In a previous interview with Guardian Business, McGarvey Development Company’s Vice President of Asset Management Bill Price called McGarvey’s 1991 tax conviction a “mistake” made by the developer and “water under the bridge”.

“We’ve probably done about half a billion dollars worth of business since that time,” said Price.

Concerned Exumians, speaking on condition of anonymity, had questioned at that time the value that McGarvey would bring to Exuma after he admitted that – in contrast to initially touted plans to establish a $40 million development project at February Point in Exuma – his group would make a $12 million “front end” investment of which McGarvey’s intended investment would amount to $700,000.

As revealed by Guardian Business, access to financing for this investment, which he confirmed would include a “front end” investment of $12 million in the property acquisitions, the construction of five condominiums, a sales office, an upgrade of the marina and some other small scale construction work, is contingent on approvals from the government, according to McGarvey.

Commercial village

Price stated that plans previously highlighted in the media for a “commercial village” within the property will be contingent on demand at some point in the future, with the question of whether it would take place “very difficult to project”.

Hotel development plans for February Point will depend on the group bringing in “a competent developer”.

“We are not hotel developers,” Price told Guardian Business.

McGarvey and Price’s confirmation of the group’s plans came after Guardian Business obtained details of a proforma document issued by McGarvey soliciting investors for the proposed investment.

In addition to highlighting how the company would earn $36 million gross revenue in land sales over the course of the next seven years, from sale of property within the parcel to be purchased, as property values continue to rise, the proforma document told the story of how the company has been successful since 2008 in achieving profits from investing in “distressed” properties.

It gave an example of a “successful turnaround” of a property in Florida, purchased for an $18.5 million profit after a “three year hold”.

In the case of February Point and nearby Flamingo Bay, however, Price said funds from land sales in the targeted Exuma projects would be continually “reinvested” into the development.

Asked specifically what proposals McGarvey submitted to the government with respect to developing Exuma, given the apparent discrepancy between public statements made by his representatives, and the details contained in the proforma document, Rolle said last week: “His plans are to develop the area.”

Pressed to be more specific, Rolle added: “I can’t say exactly. I don’t have the details offhand.”

Smith said he “has no problem” with the development, but only wishes to ensure that those involved are reliable and will bring long term benefits to Exuma, and involve Bahamians in the development.
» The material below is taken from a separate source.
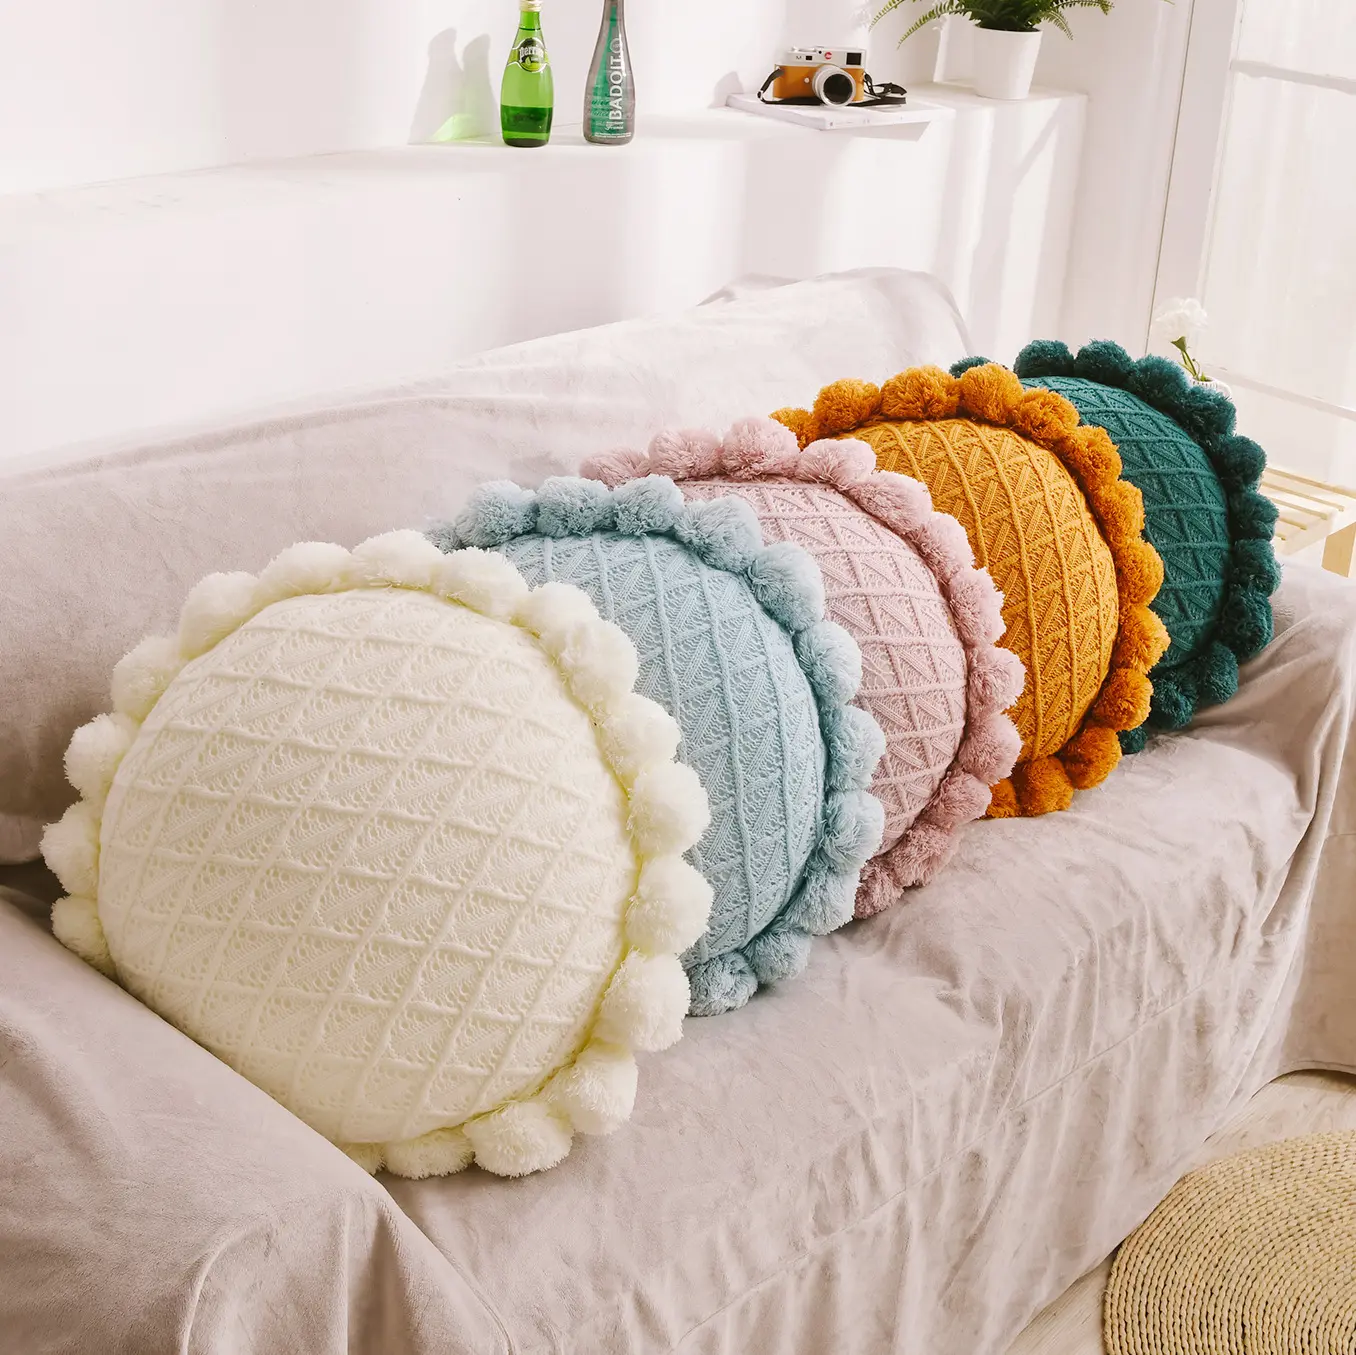 Almohada creativa para tejer con bolas, cojín para tejer, cojín para sofá, cojín redondo hueco tridimensional

“I personally have no problem with the development, provided it goes beyond the very prime pieces of land called February Point. To make it a meaningful project, the face of it has to be somebody with a reputation in whom people can repose confidence and I have long said it should be someone else – people who actually have the money and not just a desire to do the development out of land sales.”

Smith said he is confident the prime minister will “make the right decision” with respect to February Point when the matter is brought to a conclusion.

“It may have been beneficial that this matter was drawn out for such a long period – when you rush, you do make mistakes and this is so significant for Georgetown, to make a mistake will take a long time to correct.”